– Откуда ты? Чего тут делаешь? – он встряхнул ее, и нахмурился сердито, норовя заглянуть ей за спину, словно бы ища хвост или проверяя, отбрасывает ли она тень: наверное, думал, что это вилия, которая только прикинулась Ганкой…
– Я… – она запнулась. Эльфенок был ее тайной, никто в Зеленом Куте еще не знался с нечистью так близко (ну если не считать той дедовой вилии, которая, по слухам, и вилией-то вовсе не была), – мне приснился… страшный сон, Роман. Ох, какой страшный сон!
Она огляделась – вот она, кривая сосна, с того боку, что повернут к кабану-куче, ветки подпалены, иглы пожелтели и осыпались. А дальние ветки, те, что обращены к лесу, ничего, зеленые…
– С этого боку, Роман, вот с этого самого боку… Там все прогорело, Роман, вот те хрест, совсем прогорело, туда нельзя ступать, Роман. Там, внизу…
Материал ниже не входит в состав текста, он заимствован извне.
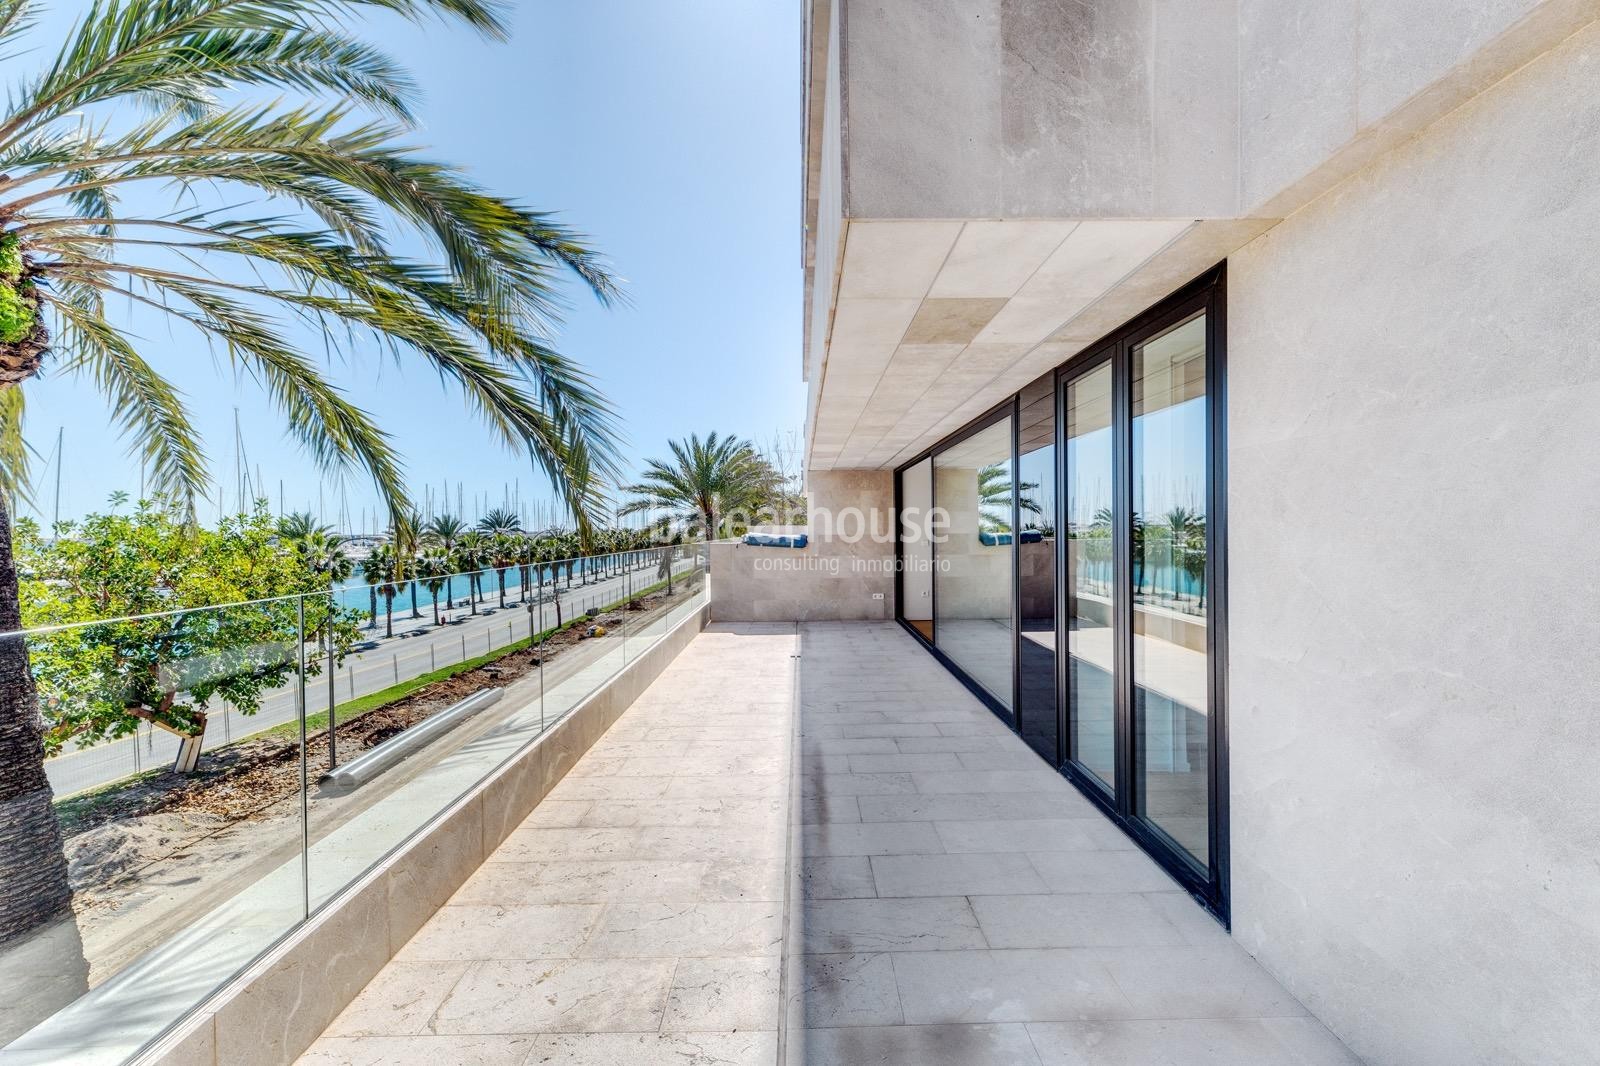 Exclusive new flats on the seafront of Palma where you can live the most contemporary luxury.

– Прогорело, говоришь? – Роман ткнул в сторону сосны корявой рукой, в мозолях и черных трещинах, куда навеки въелась сажа и угольная пыль, – с этого боку, говоришь?
Черные его глаза, обрамленные красноватыми веками с порыжевшими от дыма короткими ресницами, сощурились, когда он внимательно посмотрел на нее. А ведь, подумала она, на самом деле Роман вовсе не красивый… А всегда казался ей таким красивым – потому что был черным и сильным.
– Вот те хрест, – повторила она, прижимая ладонь к груди, – Роман, не ходи сегодня на кучу…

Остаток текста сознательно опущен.